Rajaratnam is charged with 14 counts of conspiracy and securities fraud. The government claims he made $63.8 million illicitly between 2003 and March 2009. He was arrested at his Manhattan apartment and charged in October 2009. He maintains he did nothing wrong.
If the Sri Lankan-born billionaire is found guilty he faces up to 25 years in prison and becomes the poster boy in the government’s promise to crack down on Wall Street greed. It is unclear whether a plea bargain – which might have shaved off some prison time - was ever discussed. Typically people convicted of insider trading serve lighter sentences than those recommended by federal sentencing guidelines. However, most of those defendants plead guilty.
To win a conviction, the prosecution must convince the 12-member jury that Rajaratnam received company secrets from someone who had a fiduciary duty not to disclose them and that he knew it was wrong.
Prosecutors spent five weeks on their case. They inundated the jury with piles of evidence against Rajaratnam. They called18 witnesses and introduced more than 700 exhibits including 45 taped phone conversations.
But some legal experts say saturating jurors with complex facts, figures and charts is overkill and could potentially backfire.
The jury’s patience with the nearly two-month trial has shown some signs of fatigue. On Thursday, two jurors groaned when the prosecution continued its rebuttal past 5 p.m. Another rolled her eyes and put on her coat.
The trial’s first real snooze moment came midday March 16, when Juror No. 18, an alternate, fell asleep. The 35-year-old unemployed Manhattan resident woke up after reporters near him started laughing.

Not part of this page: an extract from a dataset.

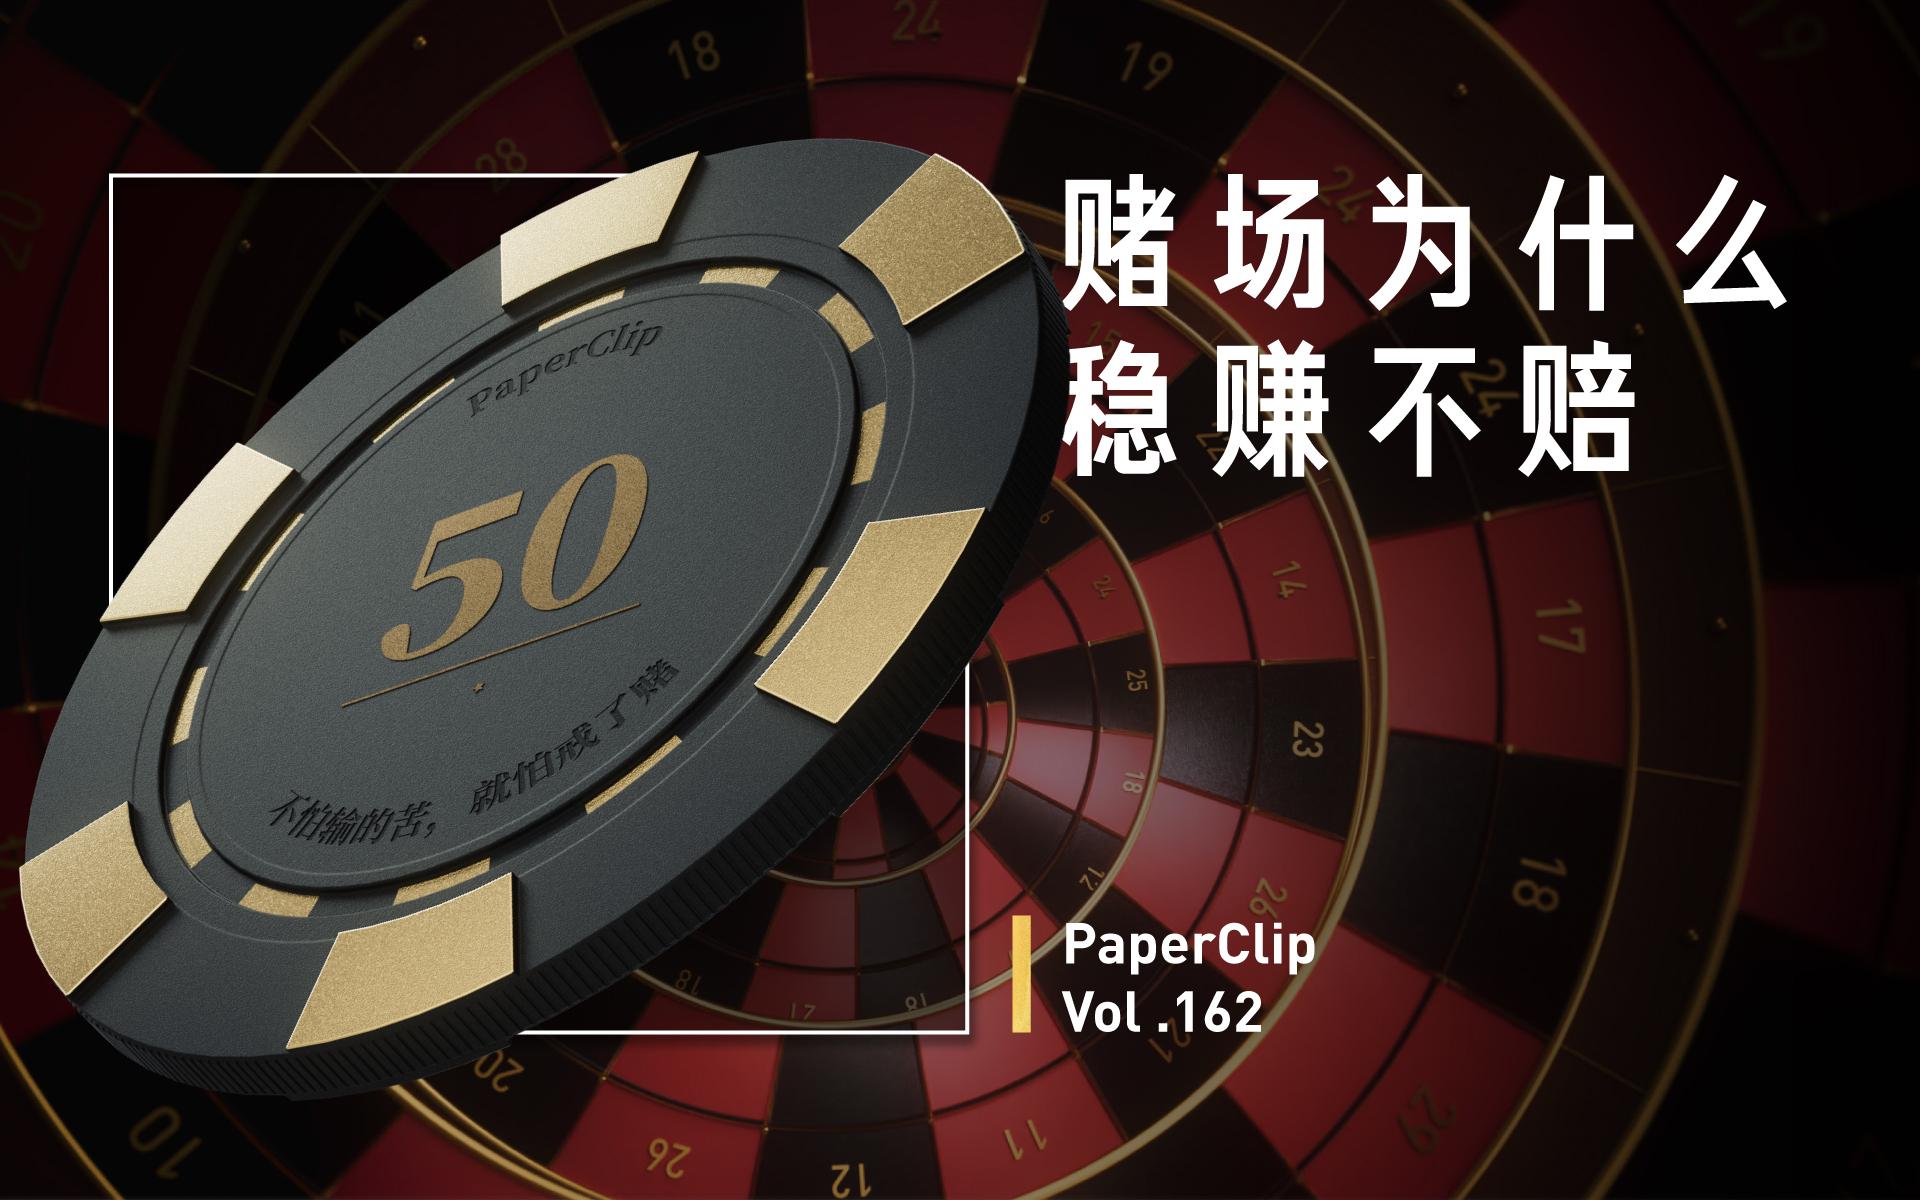 Vol.162 赌场为什么稳赚不赔?

The defense isn’t doing much better at keeping the jury’s attention. During closing arguments, Rajaratnam’s chief lawyer John Dowd awkwardly told the group, “If it’s public, you must acquit,” – a throwback to defense lawyer Johnnie Cochran’s famous line during his closing argument in the O.J. Simpson trial.
Unlike prosecutor Reed Brodsky, who shouted, gestured and paced during his summation, Dowd mostly stood behind the lectern and read notes from a binder.
In a series of calculated risks, Dowd hinted at putting his client on the stand but never did. Instead, his strategy during closing arguments was to strip the credibility of prosecution witnesses. He repeatedly call tipsters who testified against Rajaratnam liars who got a “free ride” from the government for their testimony.
He saved his harshest words for former McKinsey & Co. consultant Anil Kumar and former Galleon Group portfolio manager Adam Smith.
“You know you can’t trust Anil Kumar,” Dowd told the jury. He went on to call Kumar a “tax cheat,” referring to the fact that he didn’t pay taxes on $2 million that prosecution said was paid to him by Rajaratnam for tips. Kumar, who has been cooperating with prosecutors, has pleaded guilty to conspiracy and securities-fraud charges.
Of the 26 people charged in the Galleon investigation, 20 have pleaded guilty.